Sizzle-I think everyone needs friends like this!
Heather-I guess that is what they do, they just normally call it giving you a vaginal cuff, not "sewing the end of the vagina shut". Interesting things I never thought I would know.
tara-thank you. Surgery is scary. I have had a lot recently. I am trying not to think about the bad things that could happen, but even just thinking about recovering is scary enough right now!
SoMi's Nilsa-I emailed you. I will let everyone know when the surgery is as soon as I know. I am hoping today I will know, but if she can't get the other doctor's schedule, then it would be Monday before I would know.
I think that anyone would be nervous. I hope everything works out in the end (a really bad pun, I know). But yes, having someone you can talk about these things with is wonderful.
Oh my gosh! I am still laughing at the last paragraph. I am so happy you have a friend you can be real with like that. :)

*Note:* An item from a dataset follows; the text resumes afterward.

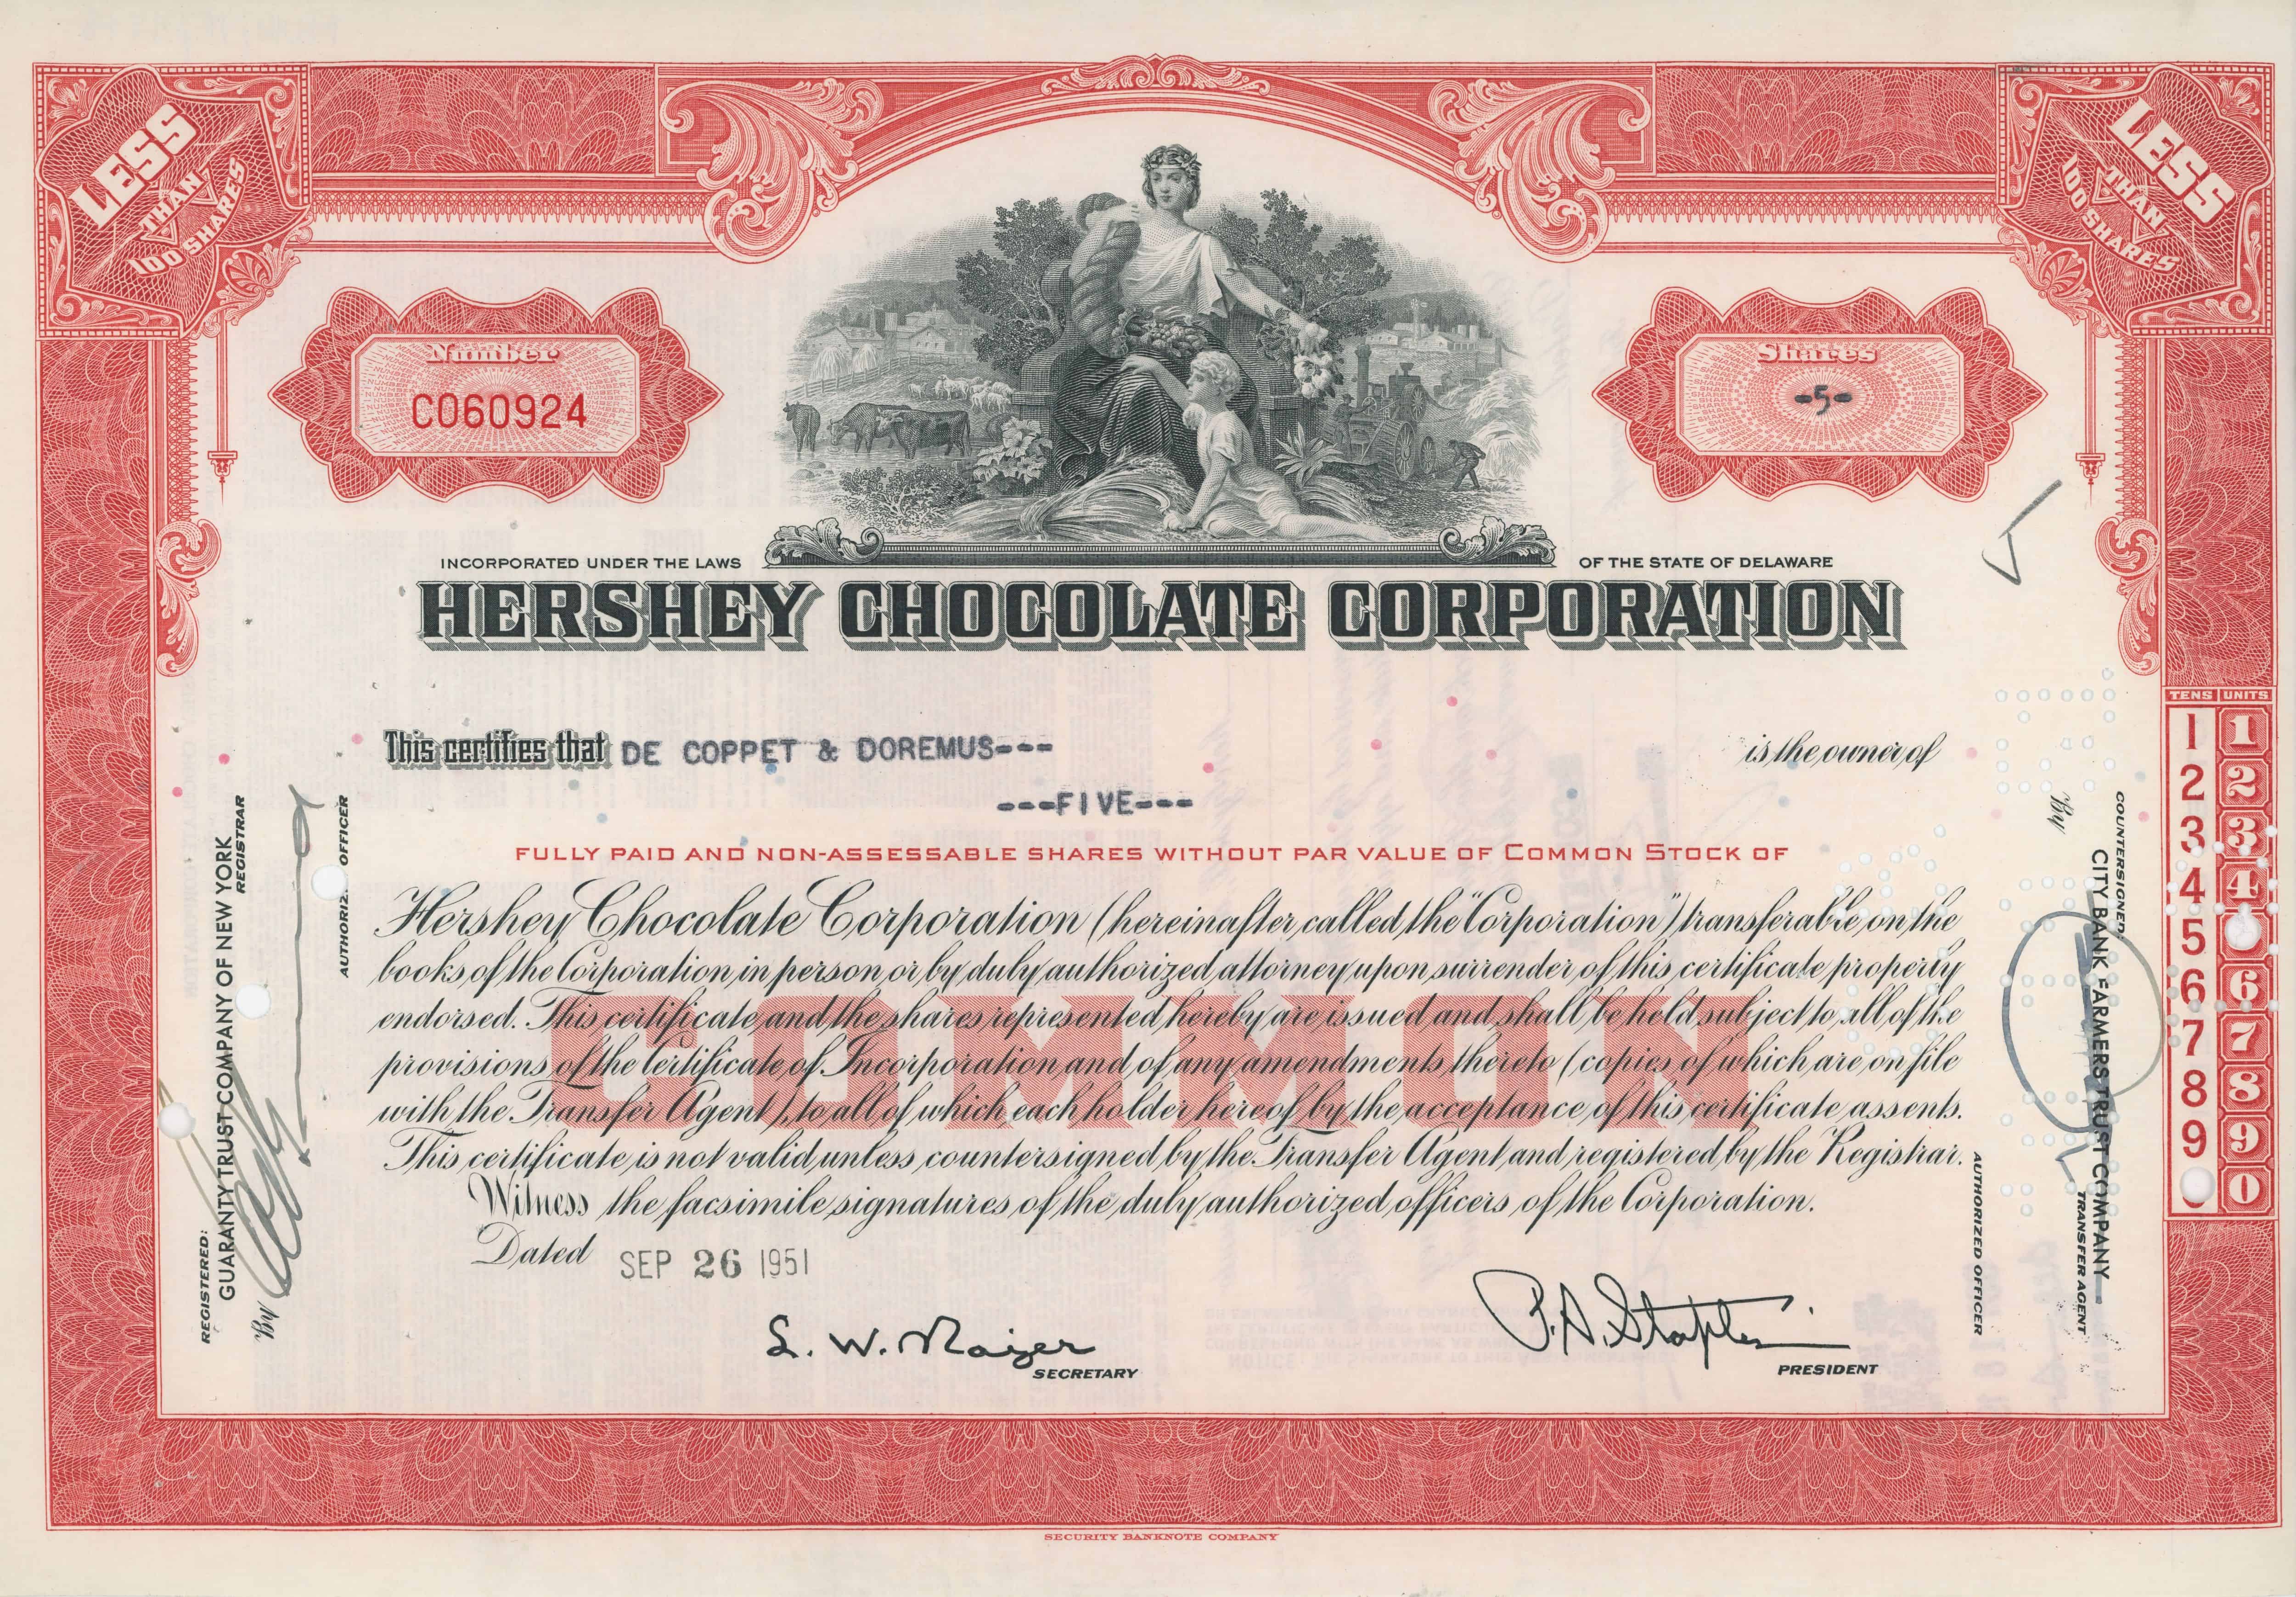 5 akcji Hershey Chocolate Corporation z 26 września 1951 roku

oy vay - thanks for the LOLs with the "talk soup" clips. watching shows like that are a guilty pleasure that i'd love to rip on, but i find myself transfixed when i happen by them.
i remember hearing "va-jay-jay" somewhere else ... was probably "South Park" or something. so many nicknames ... "vajingle" was another that amused me.

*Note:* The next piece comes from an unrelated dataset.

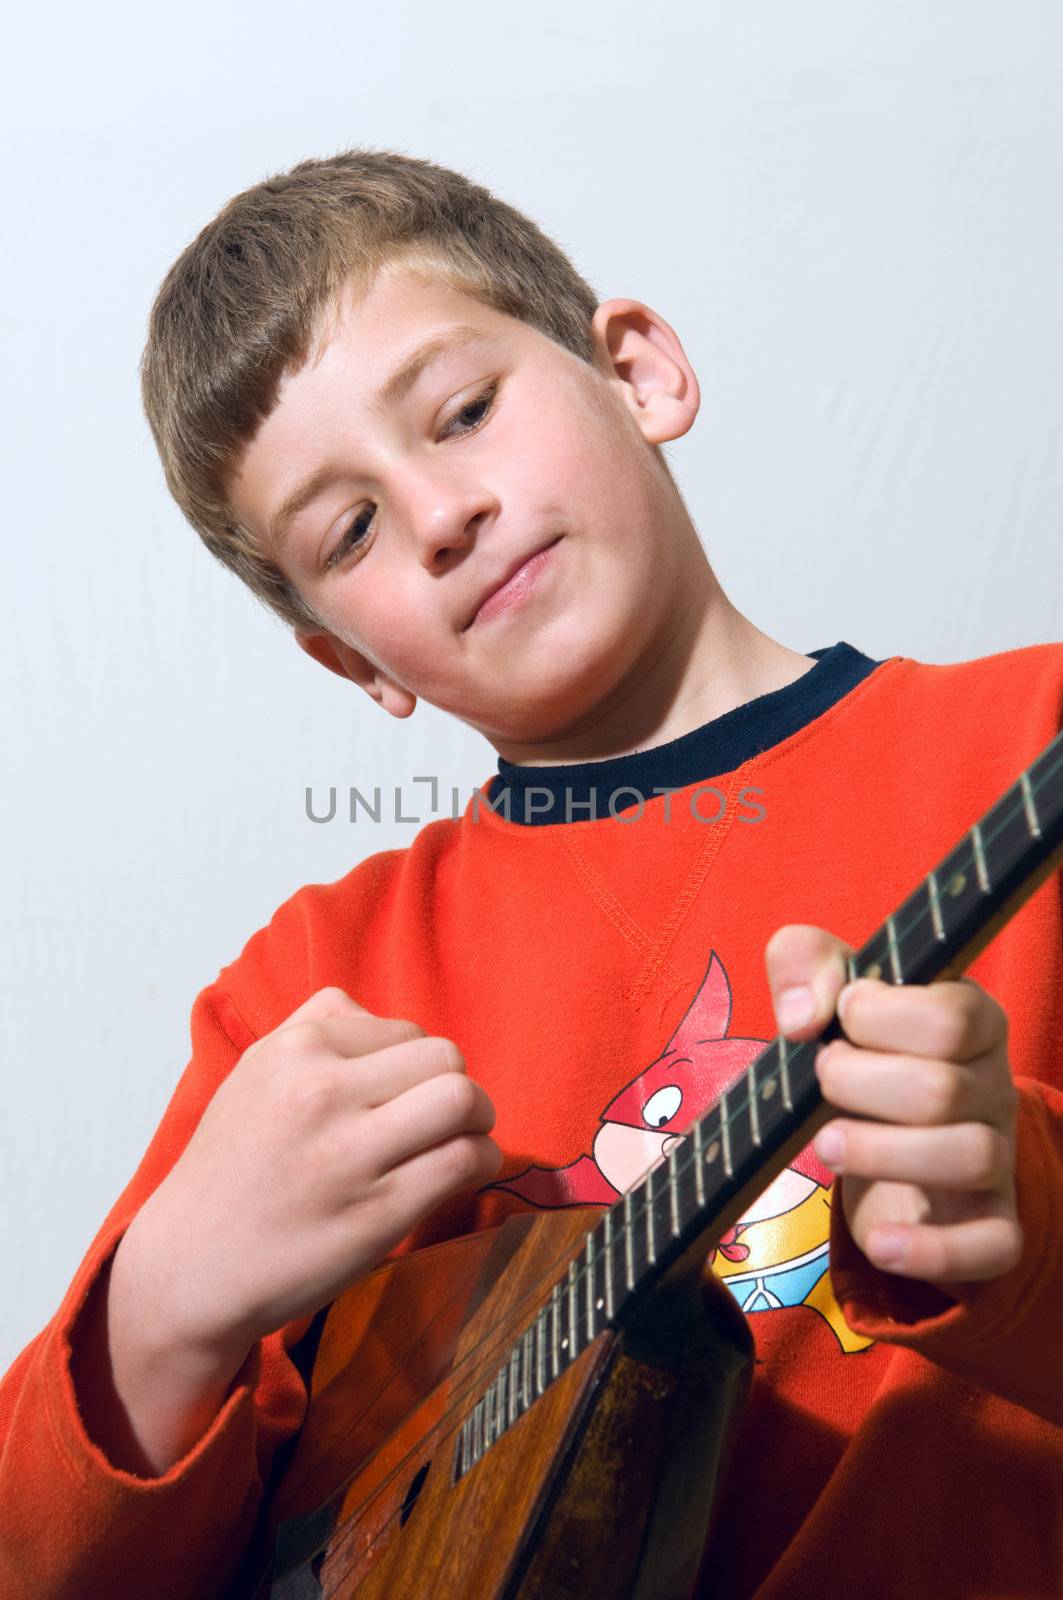 Little musician by ben44

hope the gyn-onc assistance doesn't freak ya too much. based on what you've indicated has transpired with you and your doc, it doesn't sound like much of a risk of being cancer. doing repeat operations (anywhere, not just pelvis) can just be a inexplicably more difficult - so it's good to have another set of experienced hands around. glad your doc is being proactive about that. but still - DON'T FREAK! "can" be more complicated doesn't mean it will be - sometimes scarring is very minimal, or does not interfere with the procedure. regardless, you've got a conscientious doc and another experience surgeon assisting - i think you'll be in good hands.
surgery is scary. I have so much positivity about this surgery for you, though, I think it will solve the problem you've been having. I really do. Easy for me to be optimistic, I know, but I just wanted to send you some good vibes today. I had our iced coffee this morning and thought of you.